Collected data |
***

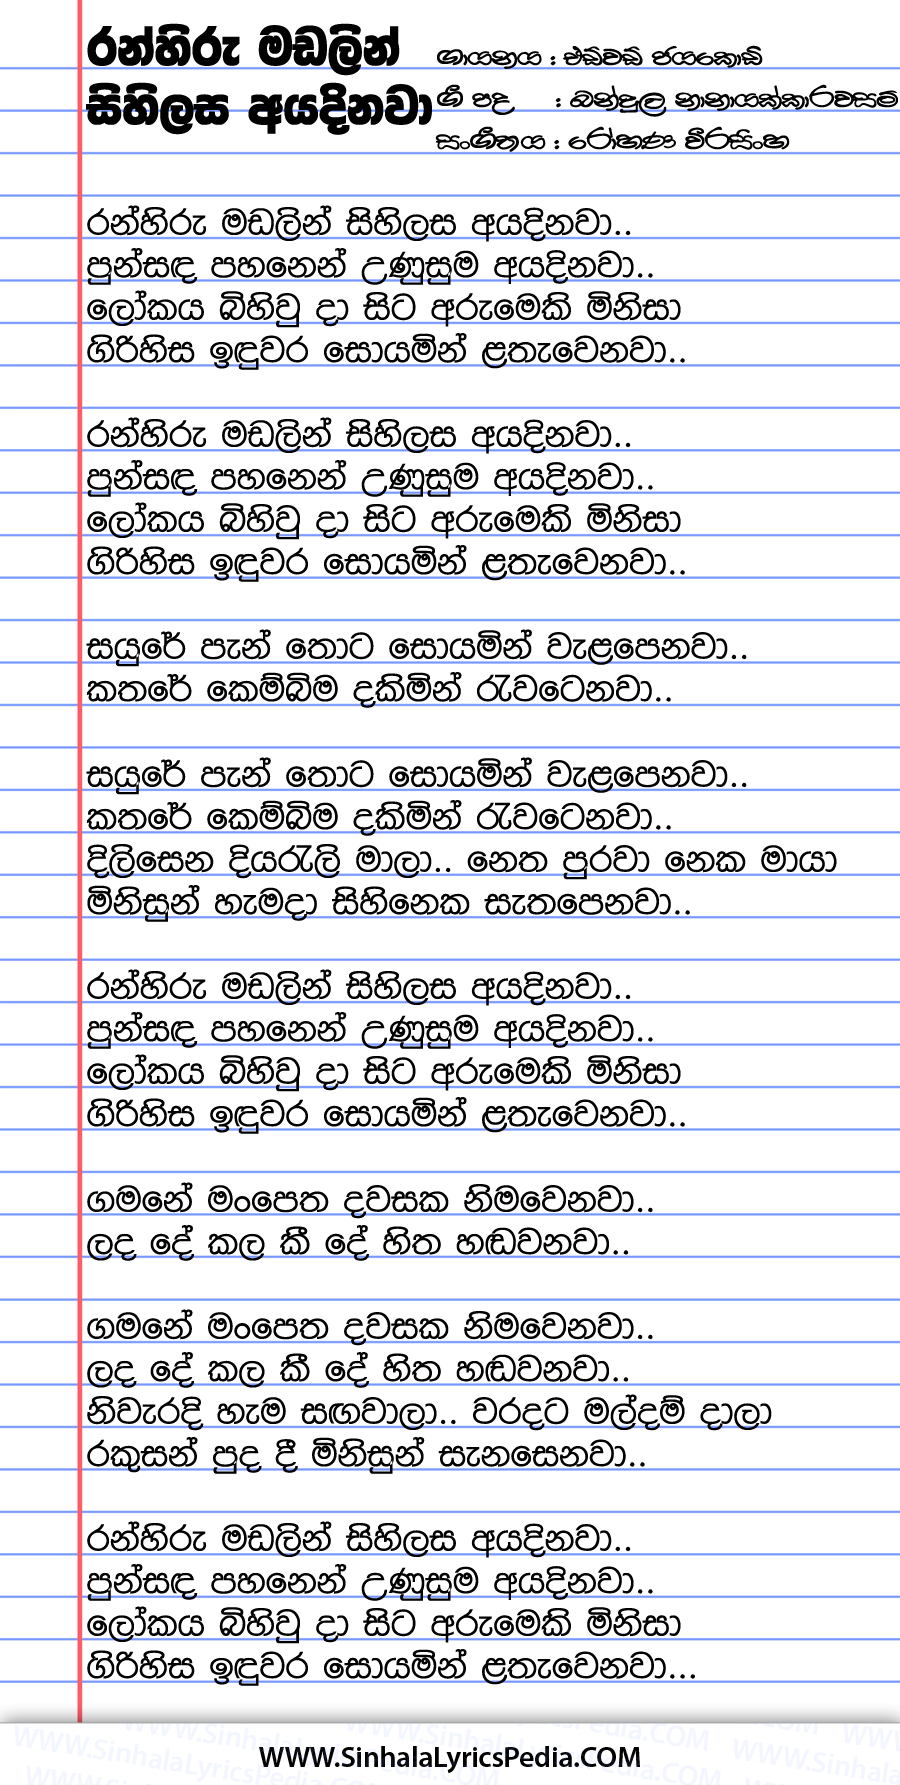 Ran Hiru Madalin Sihilasa Ayadinawa Song Lyrics
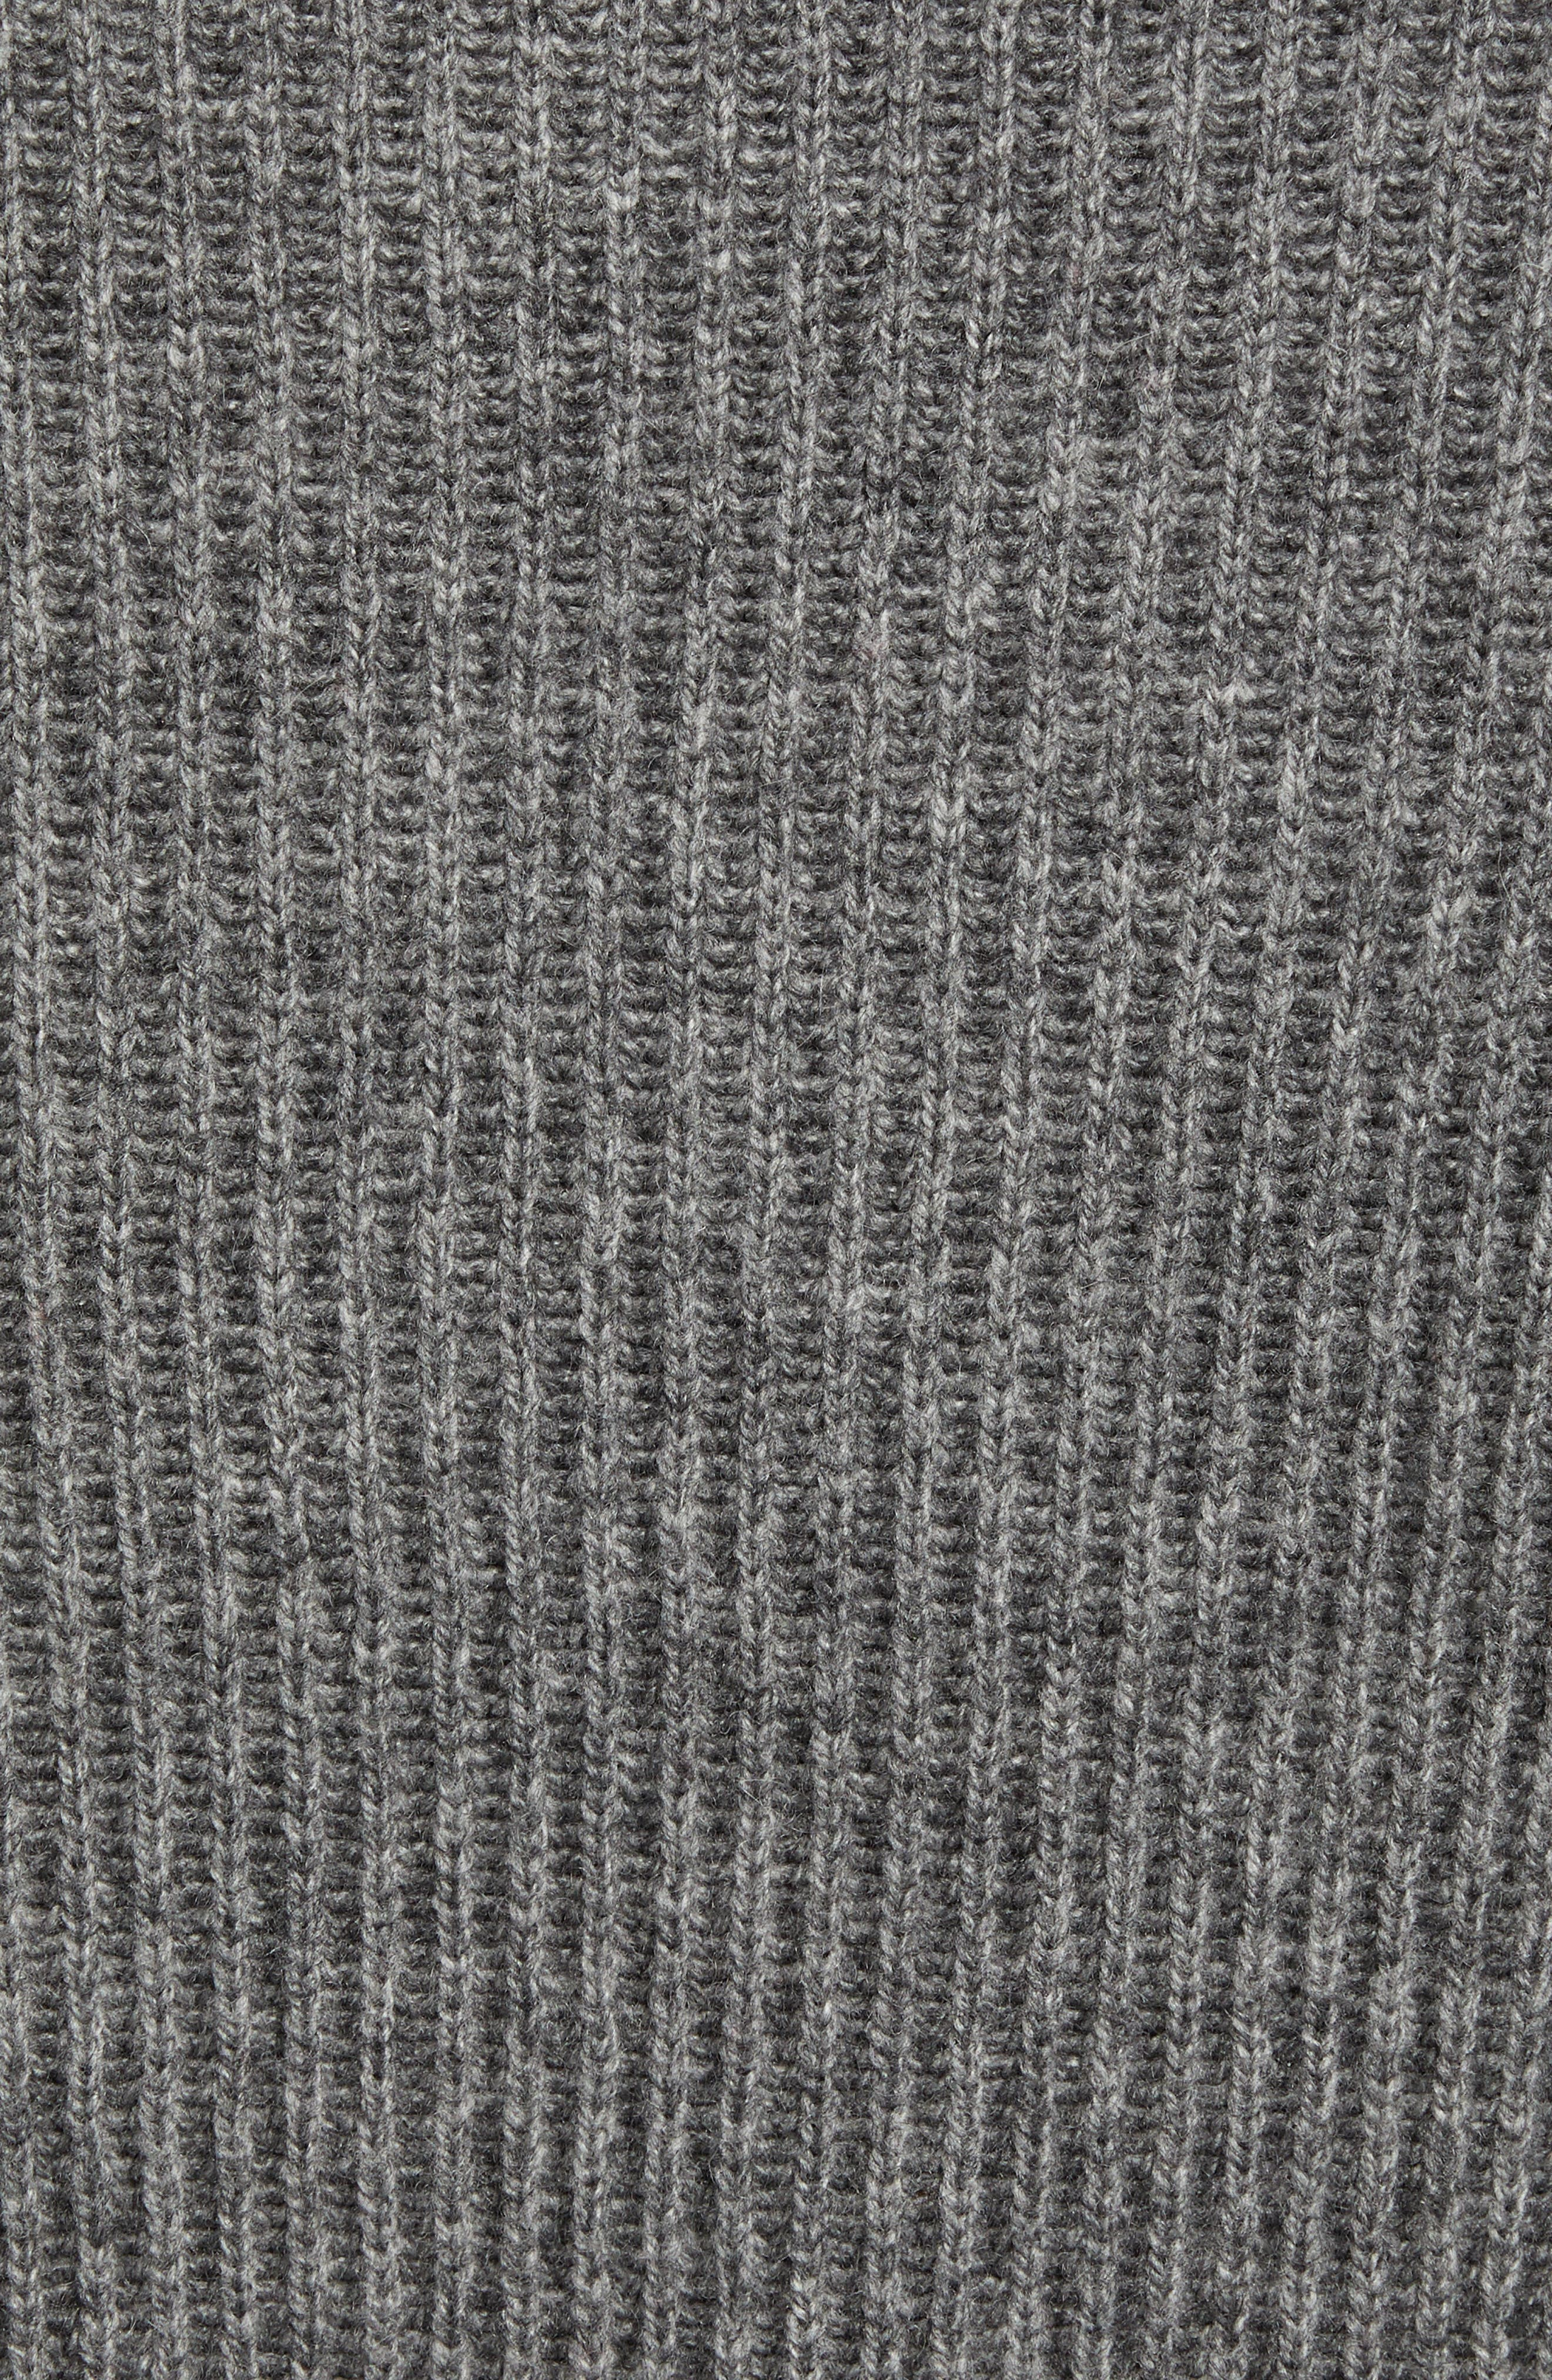 Mountainside Wool Blend Shawl Sweater,                             Alternate thumbnail 5, color,                             025
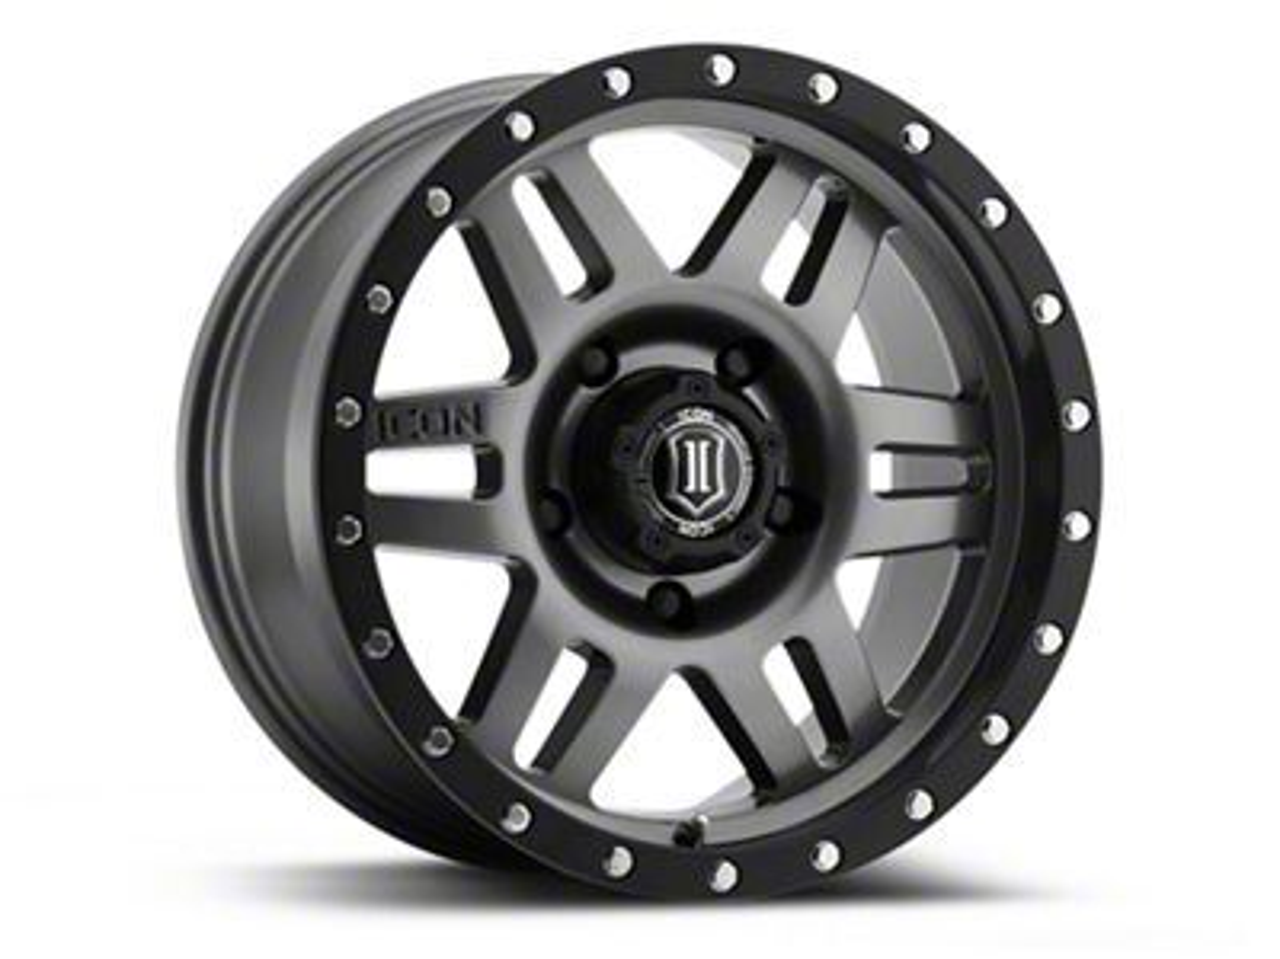 ICON Vehicle Dynamics Six Speed Gunmetal Wheel - 17x8.5 (07-18 Jeep Wrangler JK; 2018 Jeep Wrangler JL)

***

Work request |
Write out the data exactly, and exclude every picture it holds.

Response to this exercise |
 Ran Hiru Madalin Sihilasa Ayadinawa Song Lyrics
 Mountainside Wool Blend Shawl Sweater,                             Alternate thumbnail 5, color,                             025
 ICON Vehicle Dynamics Six Speed Gunmetal Wheel - 17x8.5 (07-18 Jeep Wrangler JK; 2018 Jeep Wrangler JL)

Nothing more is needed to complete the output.